Neanche l’afa bollente convince certi preti ad accorciare l’omelia domenicale. Al massimo, modificano l’orario estivo delle messe (di solito, tuttavia, sono gli unici che se ne avvantaggiano).

Poi, di fronte a gente vestita da capo a piedi per rispetto del luogo sacro, gente che si sventaglia disperatamente, non rinunciano a un canto né a un minuto della loro conferenza. Ma, dico, che ci vuole? Se la temperatura supera i quaranta dentro la chiesa, dieci-quindici minuti di fervorino non sono sufficienti?
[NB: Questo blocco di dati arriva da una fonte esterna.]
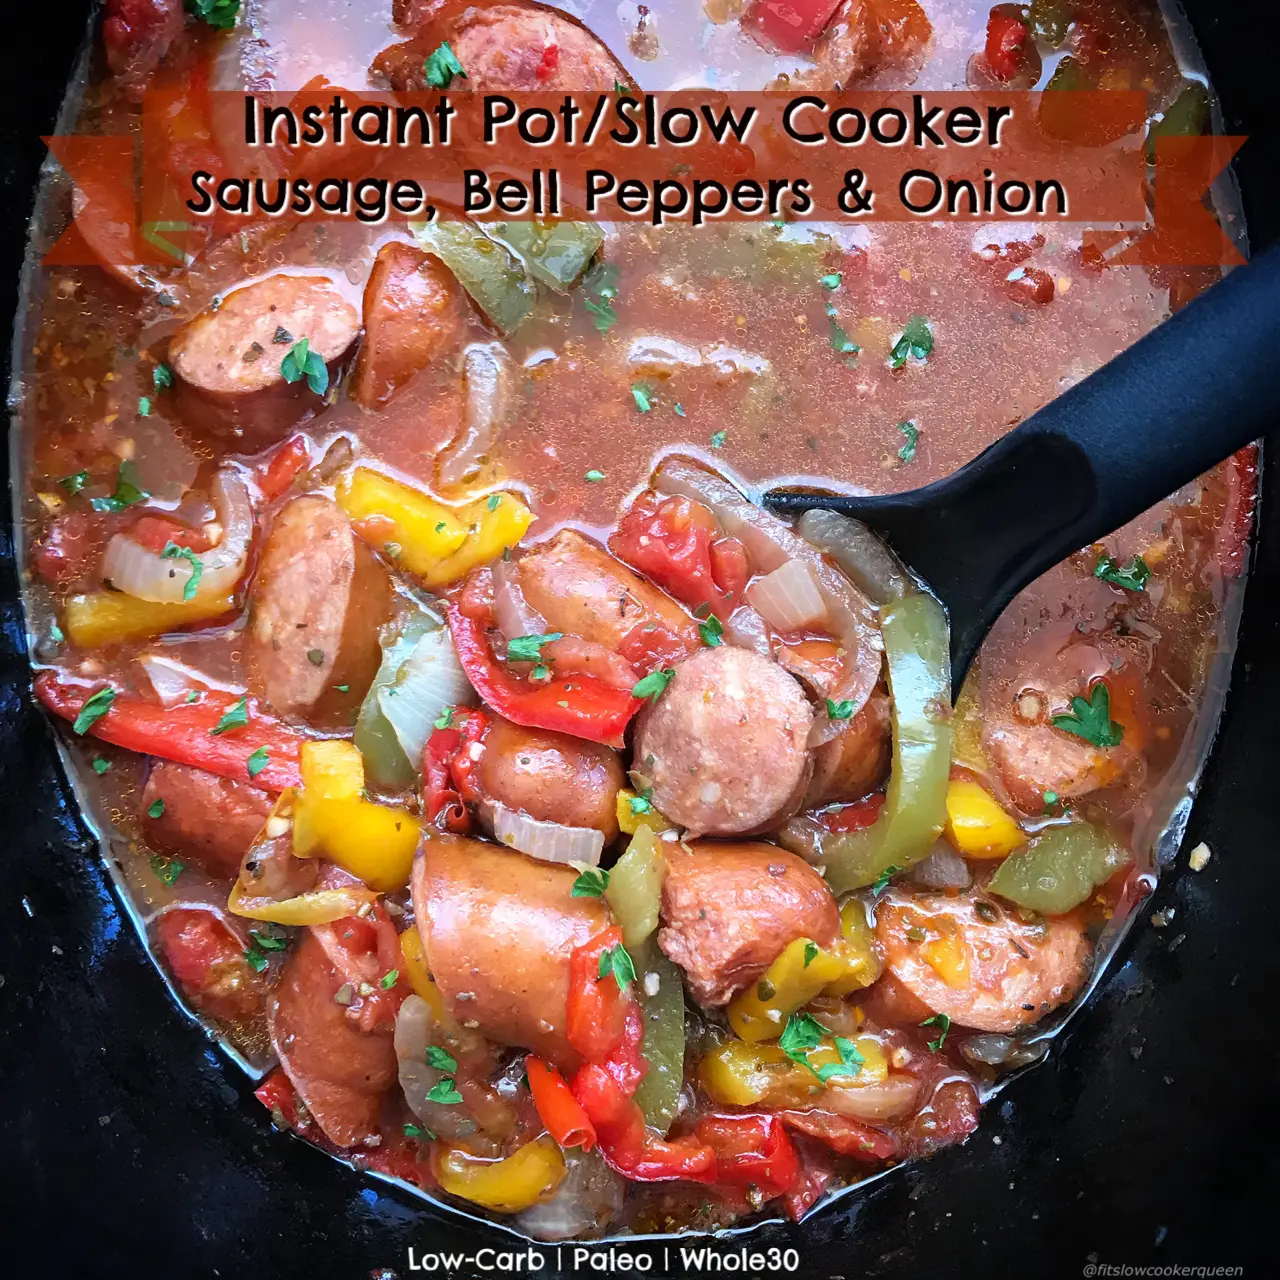 Slow Cooker/Instant Pot Sausage, Bell Peppers &  Onions (Low

Macchè, nemmeno gli avvisi parrocchiali smettono di infiorettare di chiacchiere. In un mondo di talkshow, nel regno dell’opinione, dove tutti parlano e parlano e le parole ci frastornano e sommergono, per spiccare, per distinguersi bisognerebbe stare zitti.

Invece, figùrati. Venticinque-trenta minuti, tre quarti dell’intera messa. D’estate come d’inverno. Fossero, almeno, discorsi veramente interessanti. Sì, lo so che ognuno di noi crede di essere un grande oratore.

Ma, chi ascolta, è già tanto se non gli tocca di sentire qualche mezza eresia. Nella maggior parte dei casi si tratta di pallosissimi intrattenimenti di carattere più o meno religioso. Temi: no al consumismo, sì all’equa distribuzione della ricchezza nel pianeta, sì alla giustizia sociale. Insomma, lo stesso, sputato, orizzonte materialistico che si rimprovera ai rimproverati.

Ma ditemi voi se uno dovrebbe diventare cristiano (sacramenti-preghiera-ascesi) solo per ‘sta roba. La volete tutta? Eccola: non c’è bisogno neanche dei preti, per ‘sta roba.